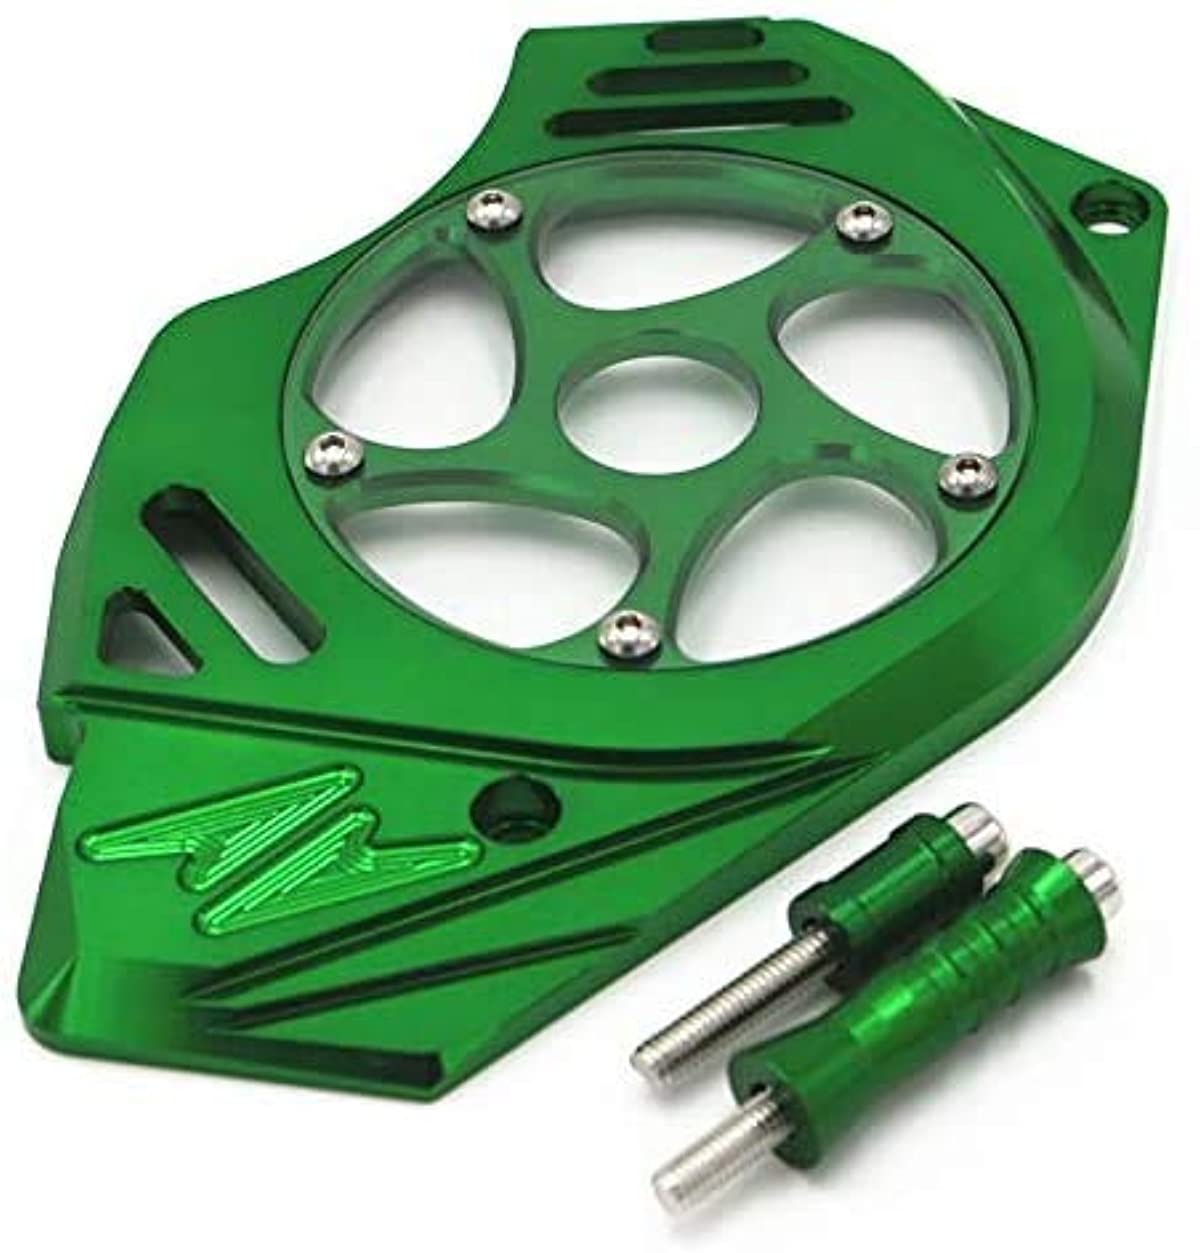 ショートカットスコア見積りYLEIエレガントな外観 実用的なバイクアクセサリーのためにKAWASAKI Z1000 Z 1000年2010年から2017年オートバイアクセサリーモトフロントスプロケット左サイドチェーンガードカバーエンジンの保護 (Color : Green)
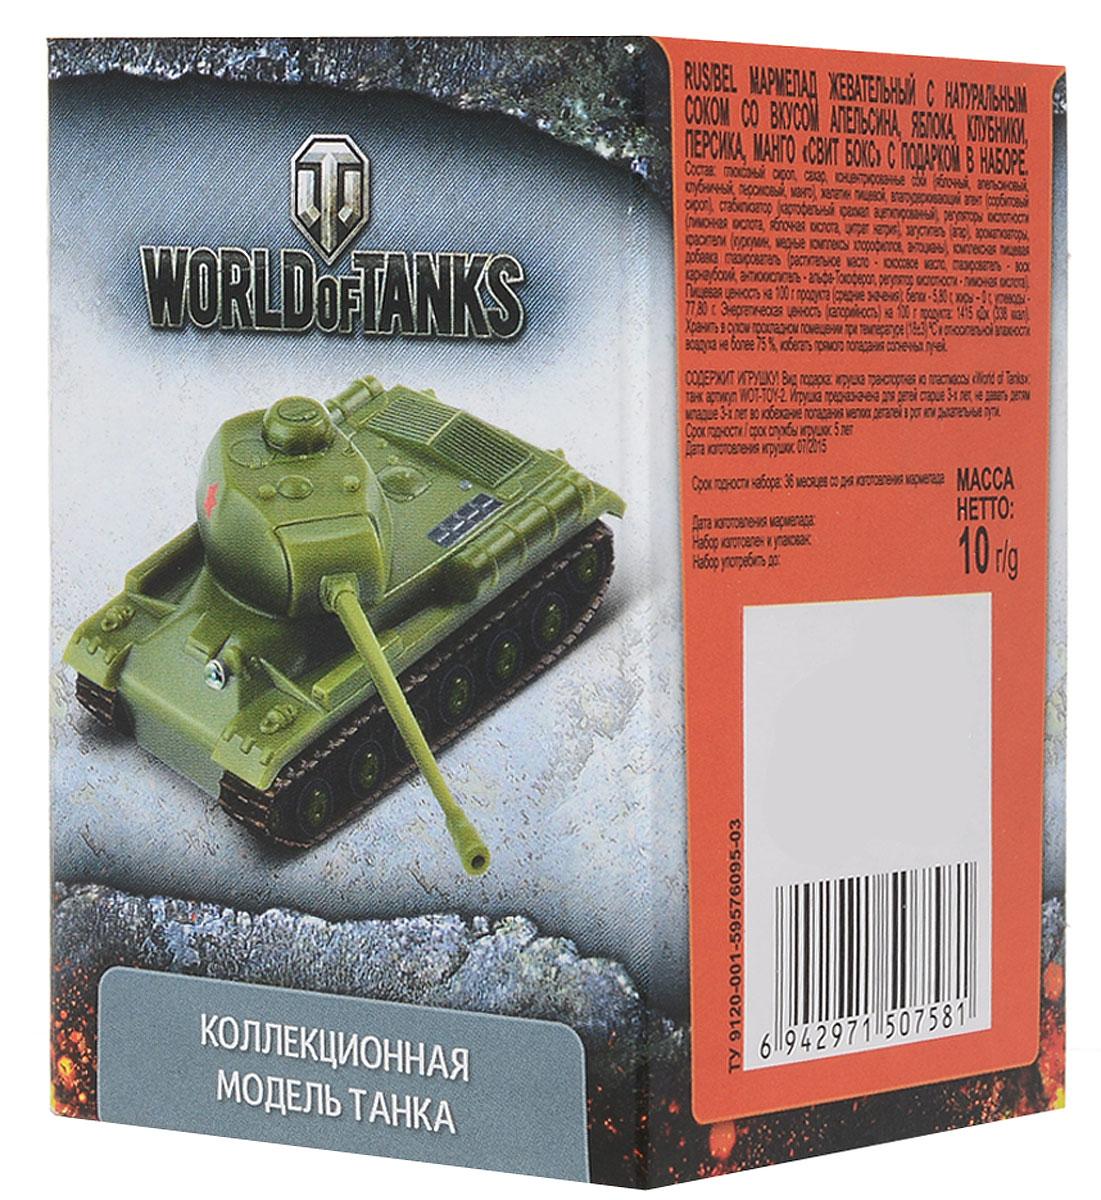 Свитбокс World of Tanks мармелад с игрушкой, 10 г
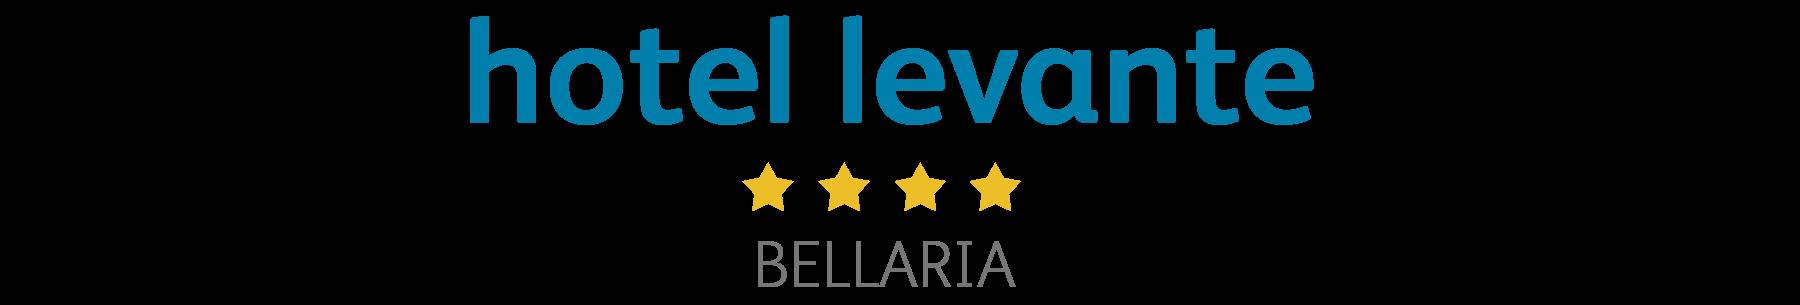 Hotel Levante Bellaria

▸ EXERCISE DETAILS
Omit the pictures. Repeat the rest of the data exactly.

▸ RESPONSE AREA
 ショートカットスコア見積りYLEIエレガントな外観 実用的なバイクアクセサリーのためにKAWASAKI Z1000 Z 1000年2010年から2017年オートバイアクセサリーモトフロントスプロケット左サイドチェーンガードカバーエンジンの保護 (Color : Green)
 Свитбокс World of Tanks мармелад с игрушкой, 10 г
 Hotel Levante Bellaria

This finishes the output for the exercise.